Gabriel Moise (Apr 12 2021 at 15:28):

But if I want to continue working with the sum_elems and product_elems definitons, is it ok to make them noncomputable and then carry on using them?

Anne Baanen (Apr 12 2021 at 15:28):

Yes, there should be no problem marking them noncomputable.

Gabriel Moise (Apr 12 2021 at 15:30):

Ultimately, I am trying to work with the eigenvalues of a real-valued matrix, and since they can be complex, my plan is to define eigenvectors as complex and this would imply a (real)matrix-(complex)vector multiplication operation. I don't know if this is a good approach, but might get more experience from it.

Anne Baanen (Apr 12 2021 at 15:32):

That sounds like a good start if you are doing the project to practice. If you want to contribute to mathlib, be sure to check out docs#module.End.has_eigenvector as well, so you don't do too much duplicate work :)

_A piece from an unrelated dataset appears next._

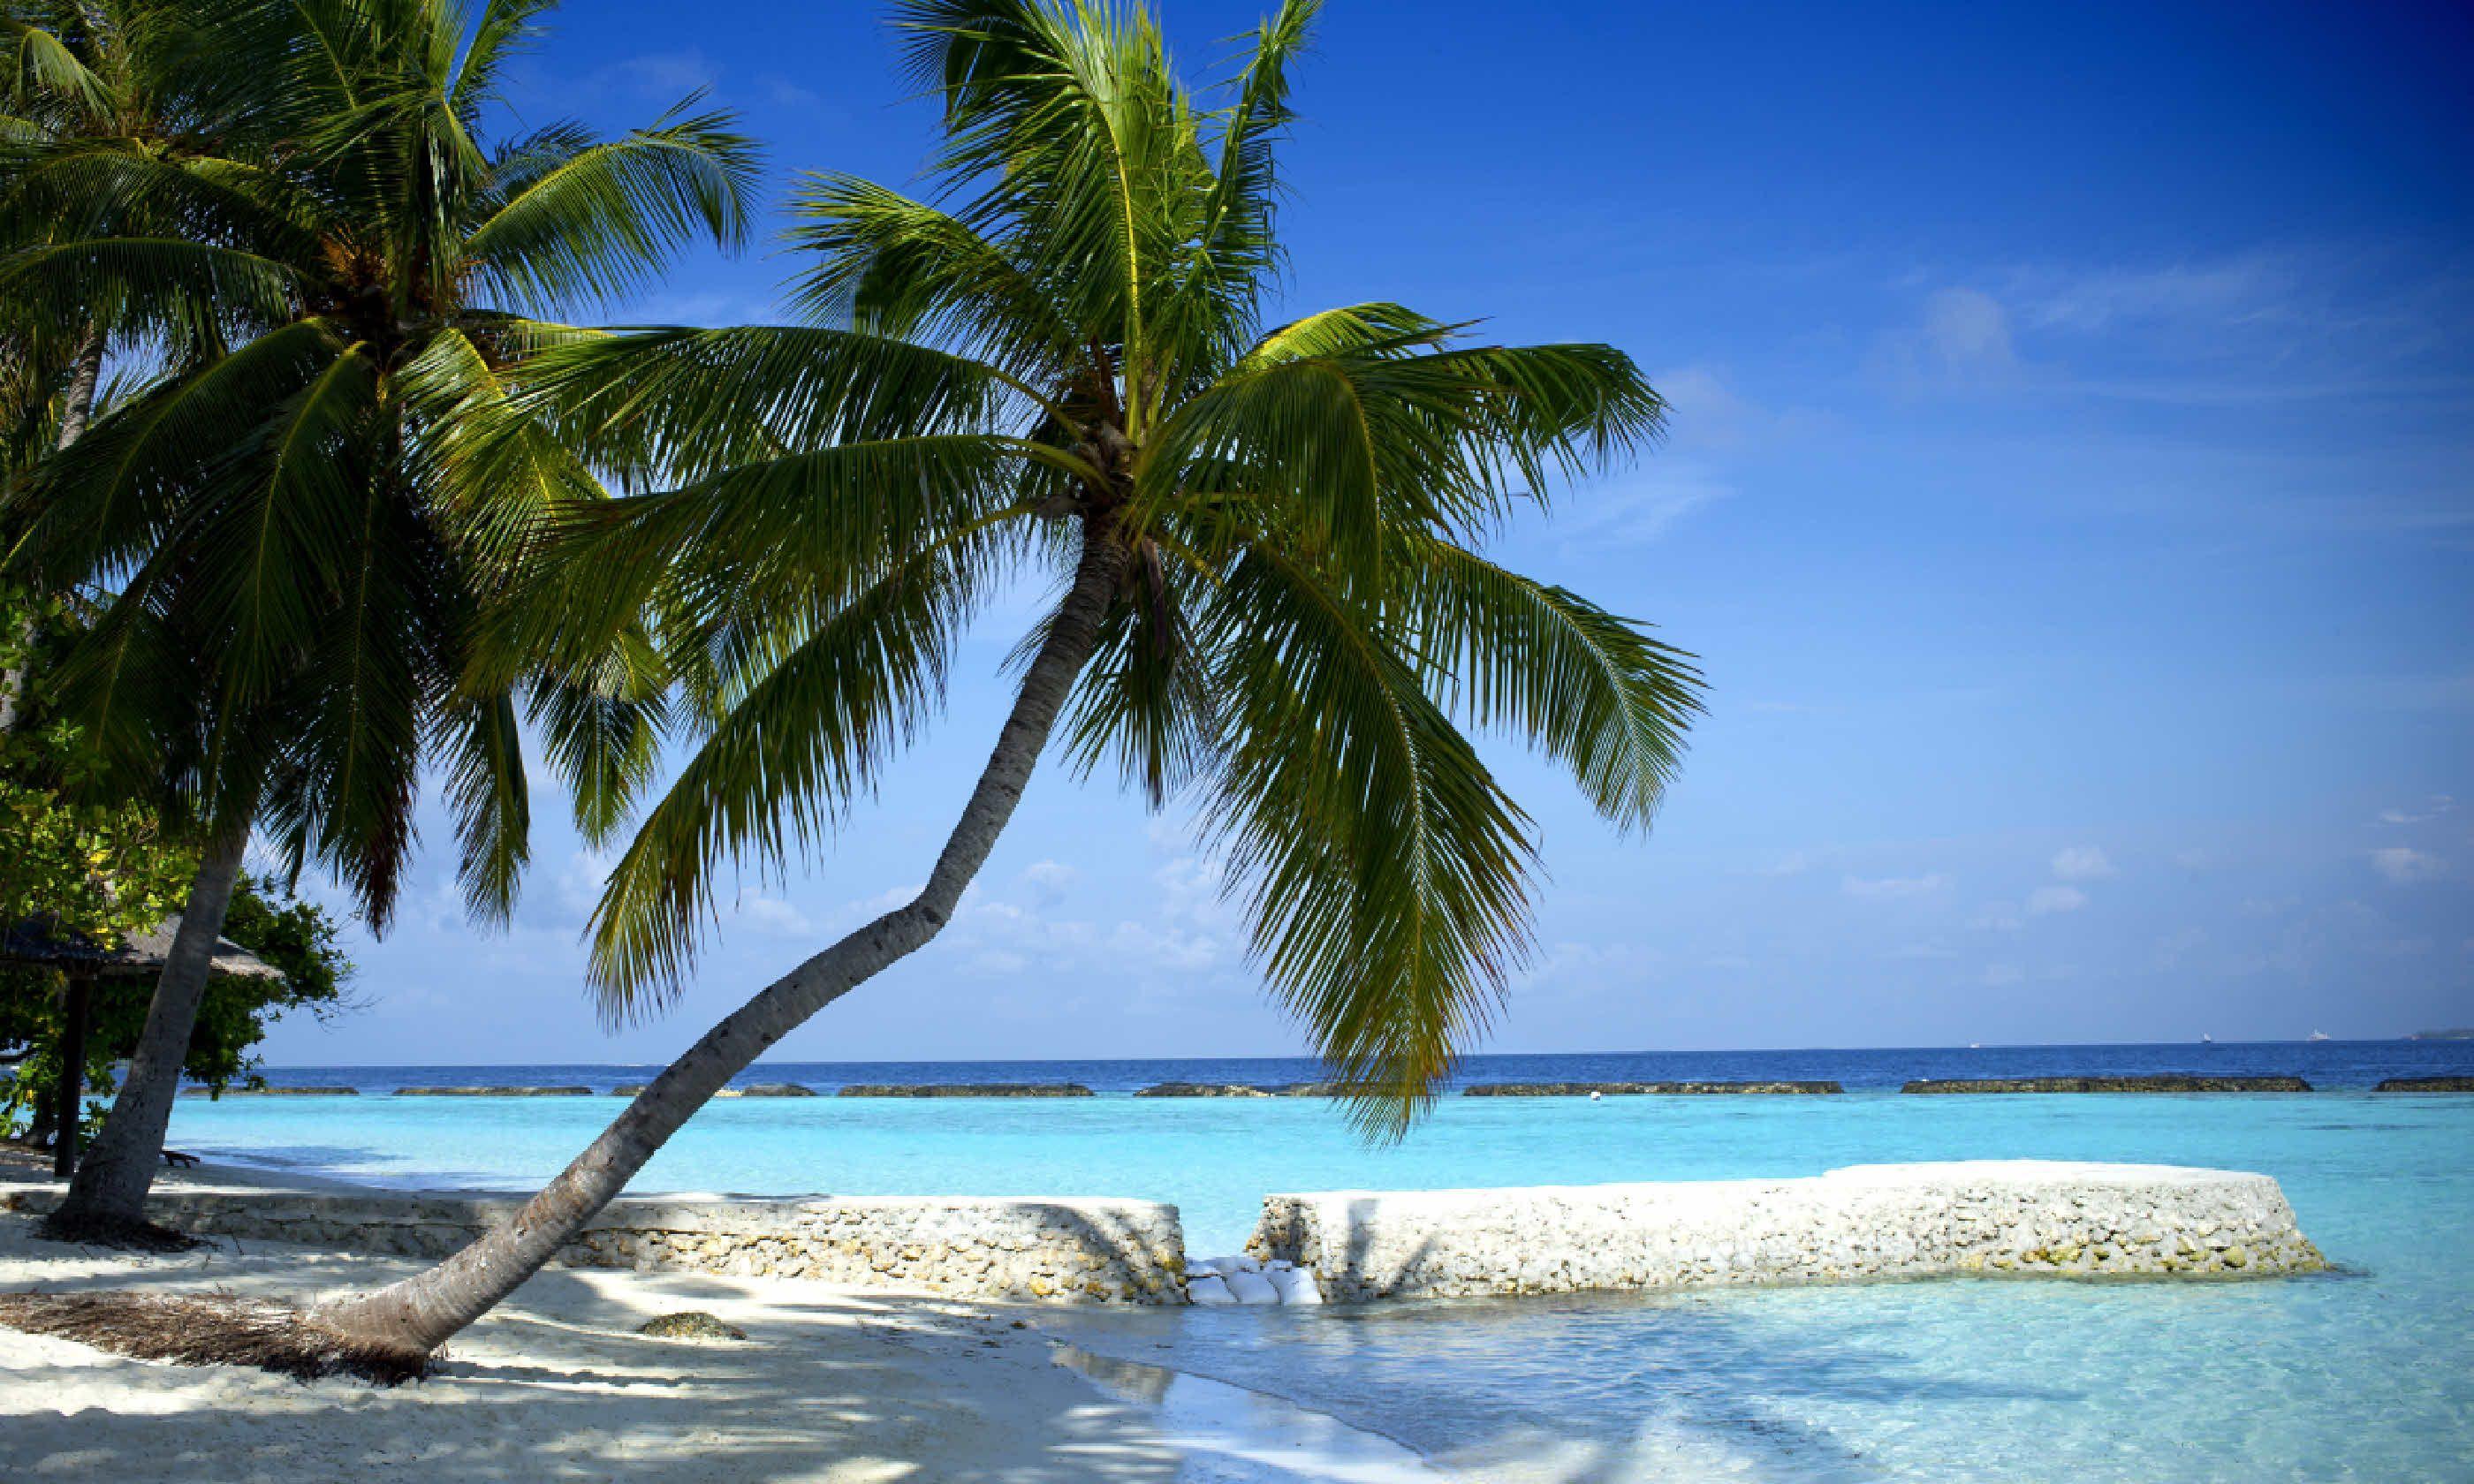 Beautiful beach in the Maldives (Shutterstock)

Gabriel Moise (Apr 12 2021 at 15:38):

I consulted that as well, but it seems a little too complicated for me at the moment, as I am not a very experienced mathematician :( . I don't really see how to apply the definition

def eigenspace (f : End R M) (μ : R) : submodule R M :=
(f - algebra_map R (End R M) μ).ker

to my case with f being a matrix (linear transformation) with coefficients in ℝ and μ a complex value. So that's why I wanted to make something more restricted (even though I am using noncomputable to every definition I create :laughing: ), but obviously the best way would be to use the already existing model and build from it.

Yakov Pechersky (Apr 12 2021 at 15:40):

You can interpret the real matrix as being in C, then the types match up

Yakov Pechersky (Apr 12 2021 at 15:41):

Would you rather work with matrix ... or linear_map?

Gabriel Moise (Apr 12 2021 at 15:44):

I am not sure what would be the best option. I already have some work with matrices and I wanted to develop that more with some eigenvalue properties, so that's why I wanted to work with matrices. Can I juggle between them easily/efficiently?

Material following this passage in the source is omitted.